======== INPUT DATA ========

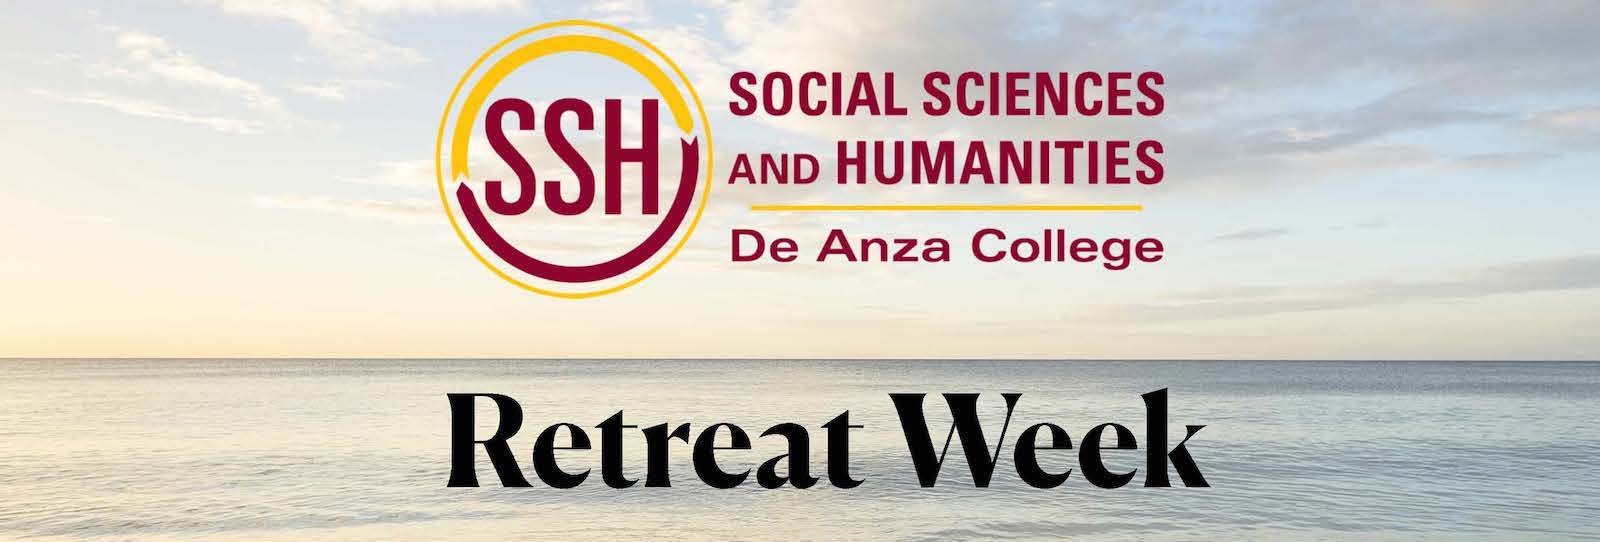 Social Sciences and Humanities Retreat Week
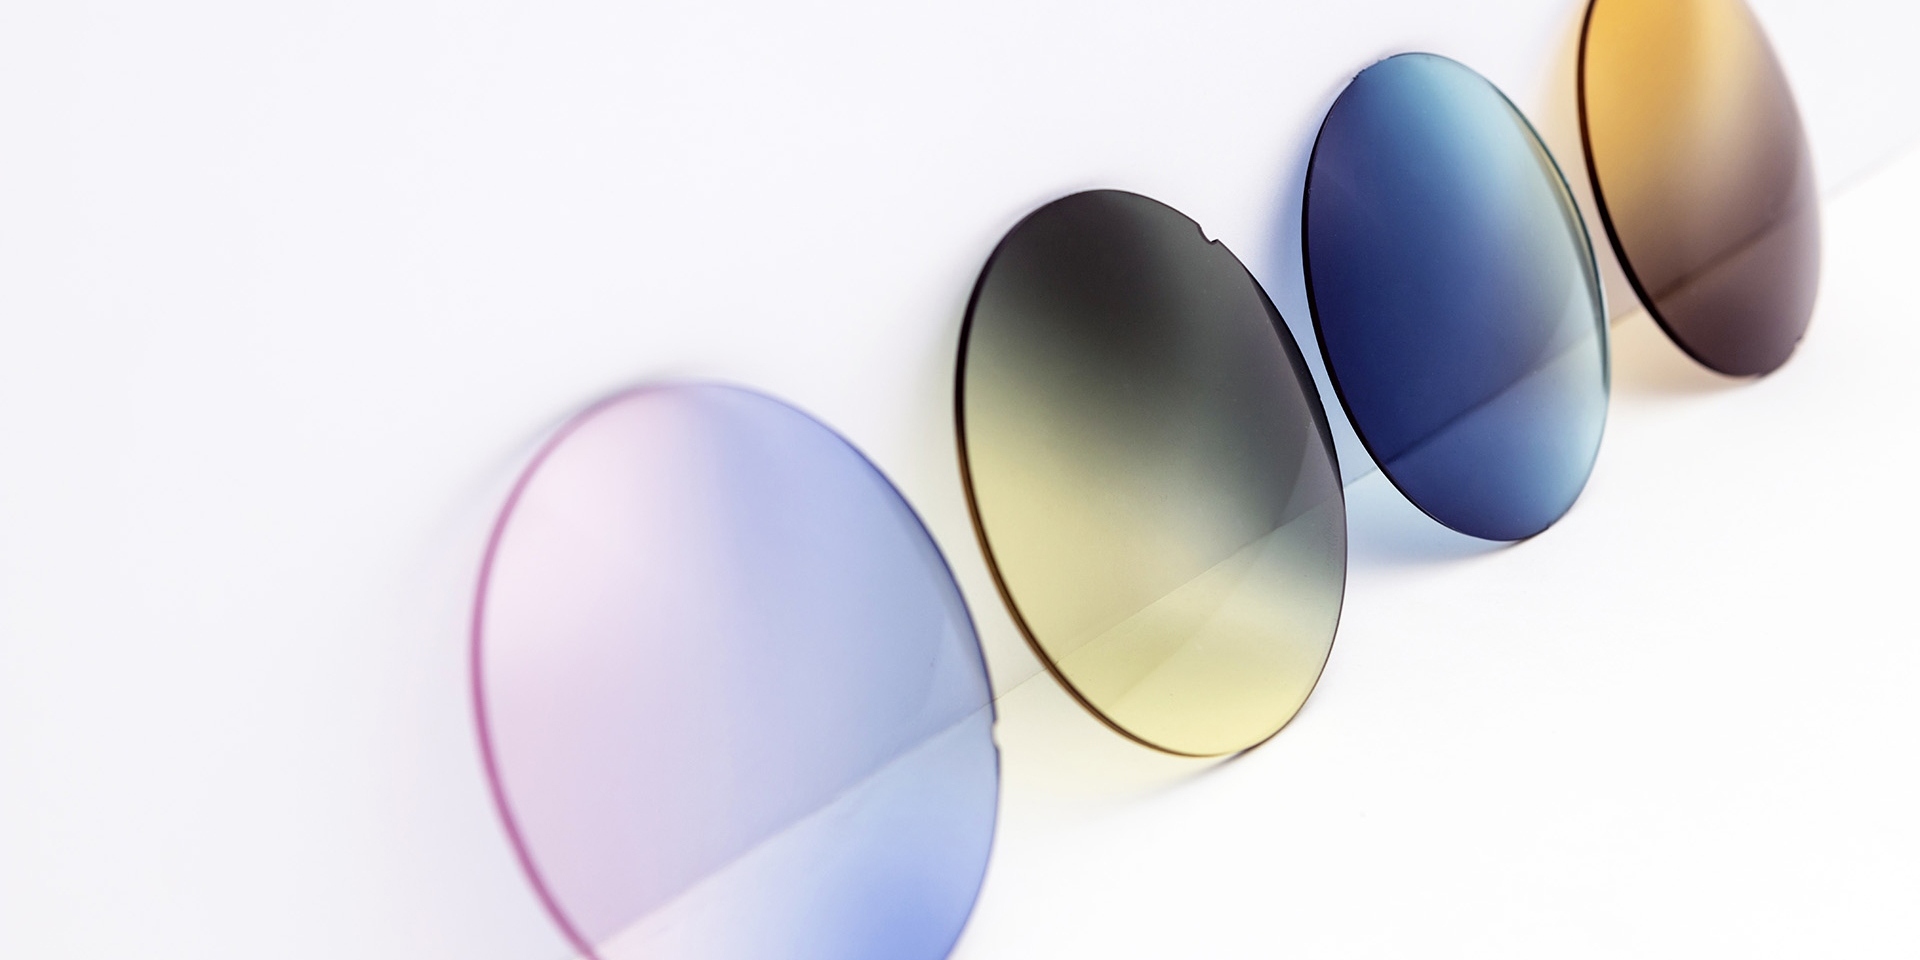 放置於白色平面上的各種染色太陽鏡鏡片：粉紫色、黃灰色、漸變藍色和漸變啡色。
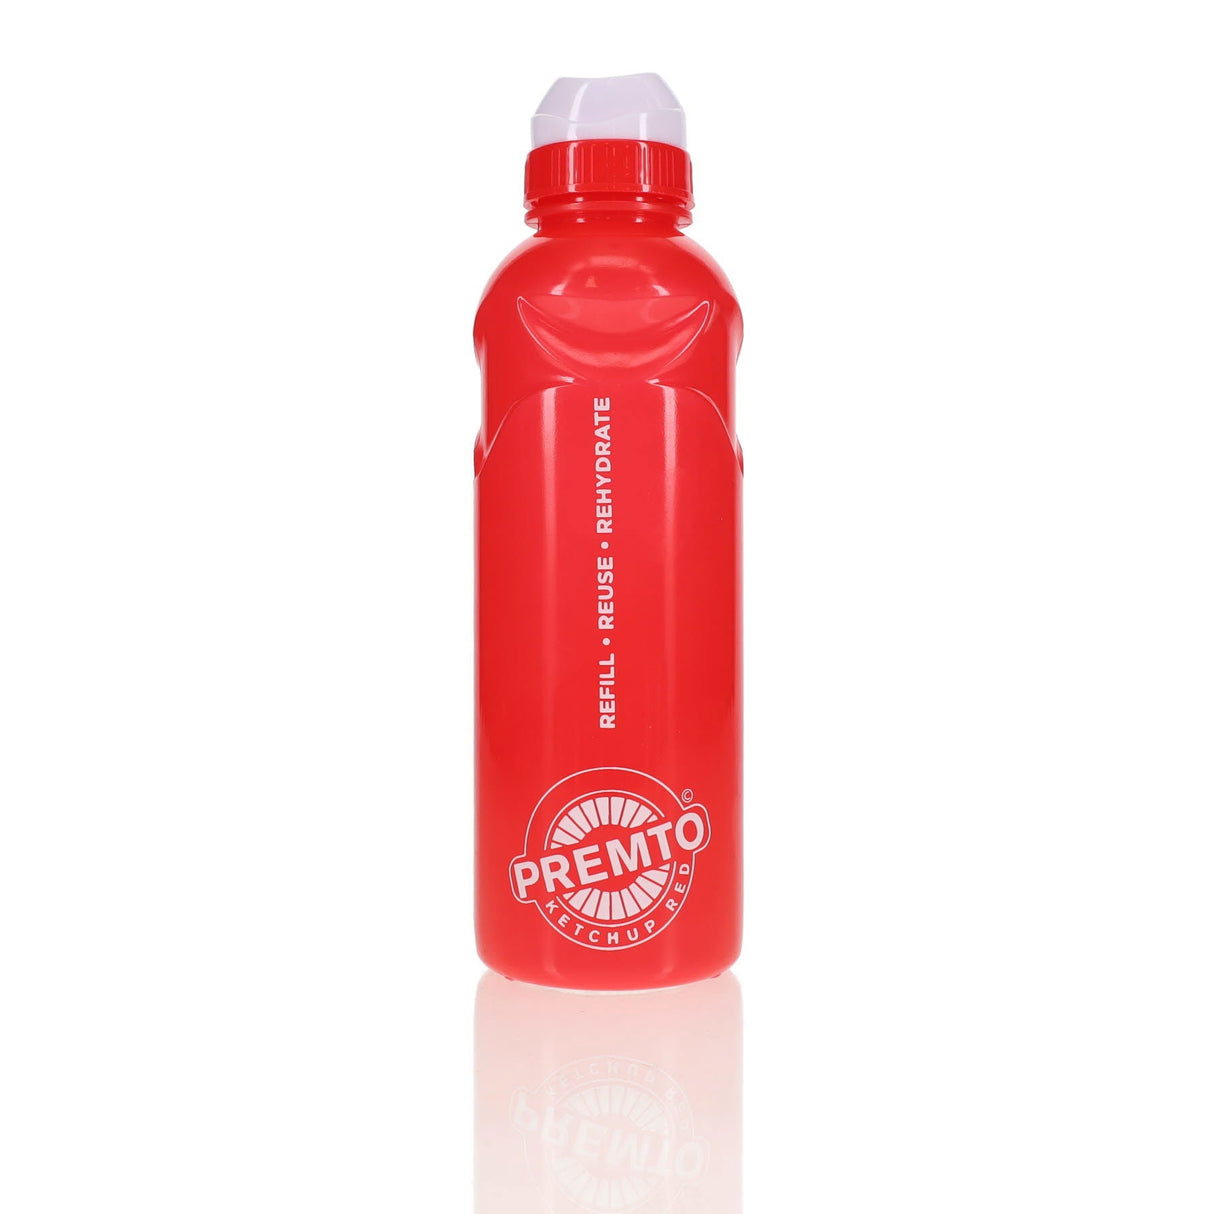 Premto 500ml Stealth Bottle - Ketchup Red | Stationery Shop UK
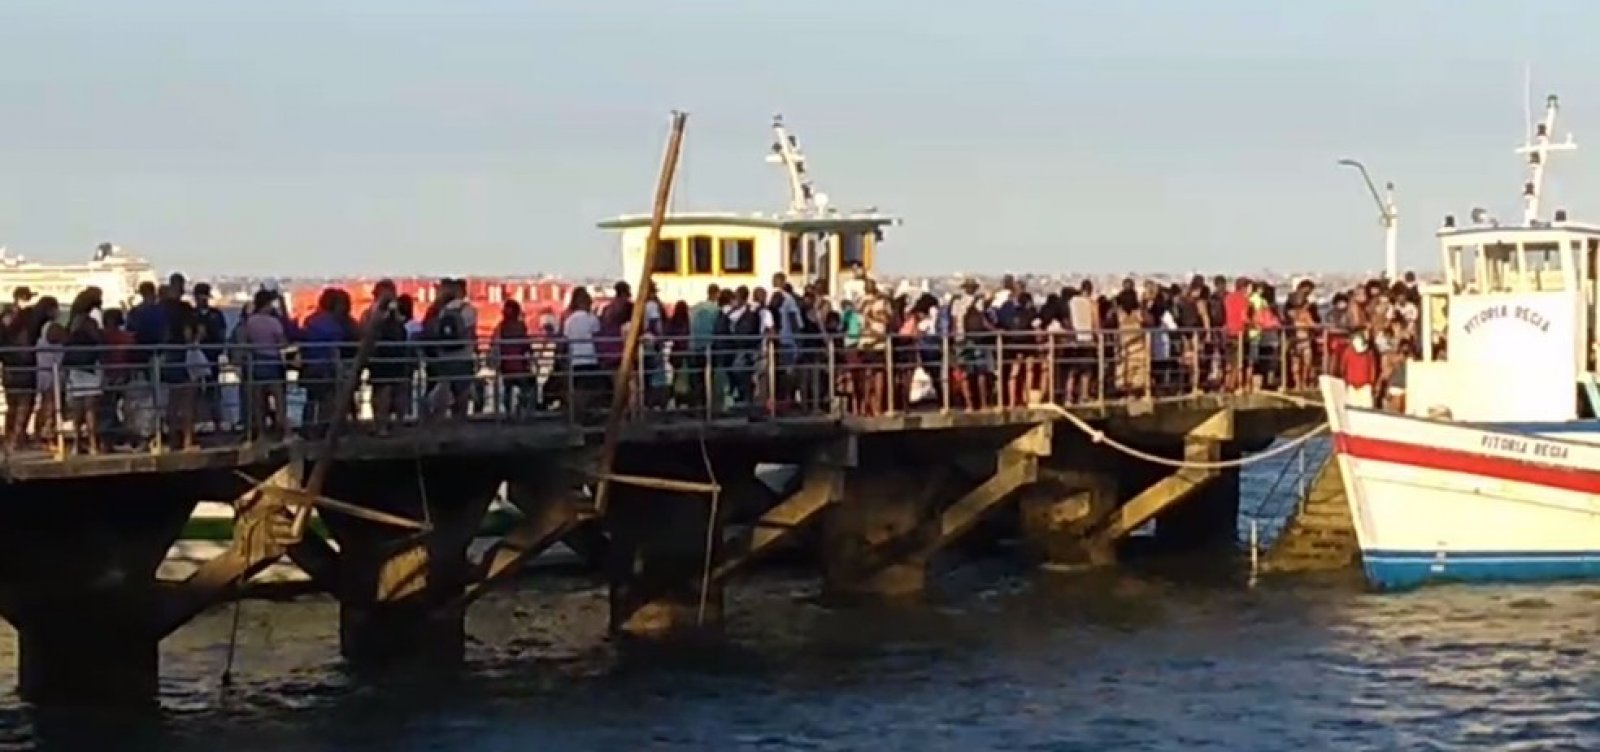 Com passageiros sem máscara, travessia Salvador - Mar Grande registra aglomerações

========

◆ TASK TO CARRY OUT ◆
Retype the full listing exactly; pictures stay out.

◆ RESPONSE FOR THIS EXERCISE ◆
 Social Sciences and Humanities Retreat Week
 放置於白色平面上的各種染色太陽鏡鏡片：粉紫色、黃灰色、漸變藍色和漸變啡色。
 Premto 500ml Stealth Bottle - Ketchup Red | Stationery Shop UK
 Com passageiros sem máscara, travessia Salvador - Mar Grande registra aglomerações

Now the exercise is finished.